Although in most societies the people will see that the world depicts beauty another way which is

common in; movies, television shows, commercials and childrens play doll. One can see what

look or body type makes them sexual attractive or appealing to people. These standards promote

division in women and negative outlook on how one may view themselves, making a women

think she is less than because she does not represent what society thinks is beautiful.
In the articles I have researched both identify the emphasis on a Eurocentric pressure of

beauty. Brenda Randle article I am not my hair; African American women and their struggles

with embracing natural hair! Tracey Owens article Hey girl, am I more than my hair?:

African American women and their struggles with beauty, body image and hair. Both articles

are obvious from the title are a play on of each other.
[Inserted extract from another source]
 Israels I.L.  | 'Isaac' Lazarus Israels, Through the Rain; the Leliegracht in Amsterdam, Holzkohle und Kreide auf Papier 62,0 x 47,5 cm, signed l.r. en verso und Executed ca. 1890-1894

Randels focal point is the struggles a black women faces with trying to embrace her

Afrocentric features. She then expresses the lack of uplifting of women in the African American

community. This piece is defiantly flexible, there is no certain age group that it is written for

anyone can read it and to a certain degree relate. It is written for African American females or

researches interested in the effects of Eurocentric beauty standards. She stresses how women

constantly judge themselves harsh trying to perfect the imperfections. Randle basically is

speaking on behalf of her personal life experience so she uses pathos and ethos to get her

audience to establish where her enthusiasm comes from and why she feels so strongly about the

topic, being that she too is an African American women. Although her passion is appreciated one

could say her passion made her too biased for her article. At one point she mentioned how she

was teased and how that made her feel that she to make herself conform to the Eurocentric

standard of how ones hair has to look but otherwise she does have a strong argument.
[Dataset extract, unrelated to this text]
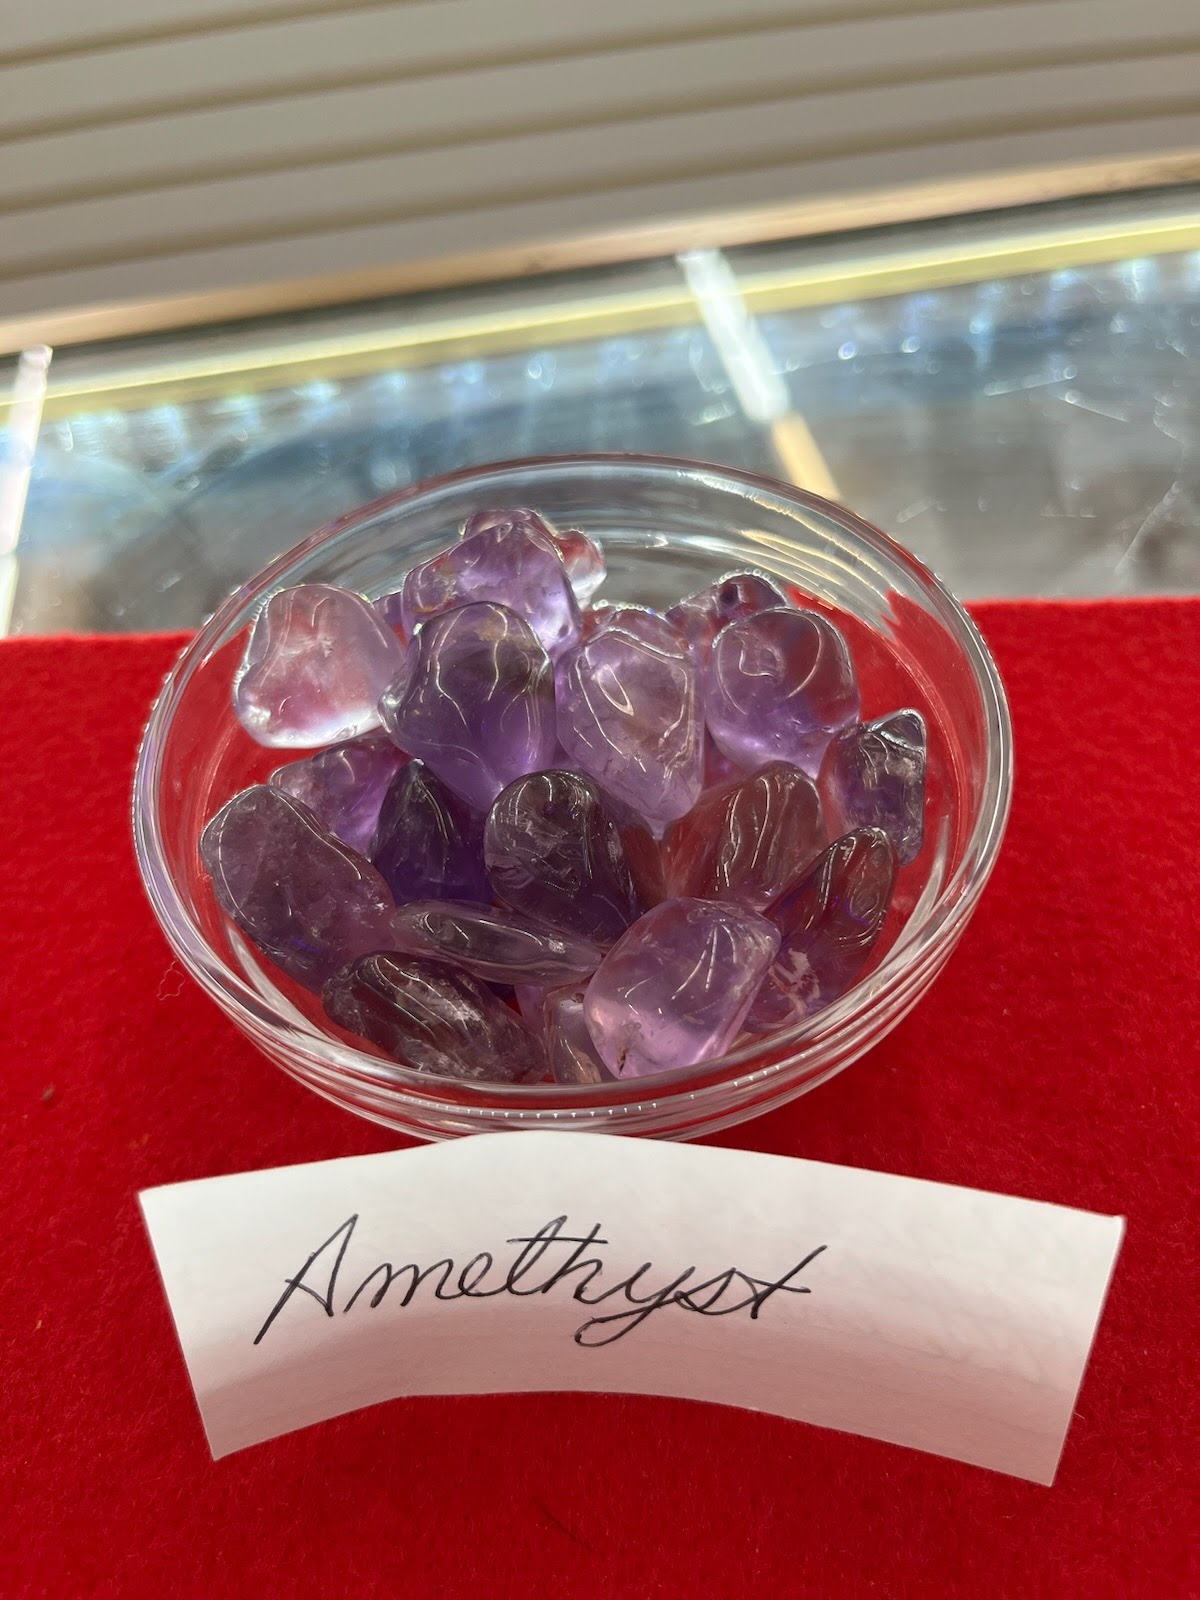 A bowl of amethyst on top of a red table.

Pattons piece primary focus is to share the effects white beauty standards have on

African American women. She article is definitely more of a facts than personal experiences and

opinion Patton speaks on the history of how head wraps became a way for Blacks to cover their

kinks because things like combs were not given to slaves. She gives her audience more than just

emotions on why Eurocentric standards negatively affect African Americans. Patton breaks down
why a person should feel the way they should about this particular argument in a logical way

which further helps make her point valid.

Patton for sure makes the better argument. Not only does she use reason she also use of

emotion. Although she make lack as much zeal as Randle she still brings enough facts for her

argument that it is no way to argue that she can be incorrect or too biased. So that being said with

everything in perspective if anyone wanted to further their research in this topic going with

Pattons paper will not only educate but also give you an understanding on where an African

American is coming from.


Work cited

Tracey, Owens Patton. "Hey Girl, Am I More than My Hair?: African American

Women and their Struggles with Beauty, Body Image, and Hair." NWSA Journal 18.2

(2006): 24-51. ProQuest. Web. 20 Feb. 2017.

Randle, Brenda A. "I AM NOT MY HAIR; AFRICAN AMERICAN WOMEN AND

THEIR STRUGGLES WITH EMBRACING NATURAL HAIR!" Race, Gender & Class 22.1

(2015): 114-21. ProQuest. Web. 20 Feb. 2017.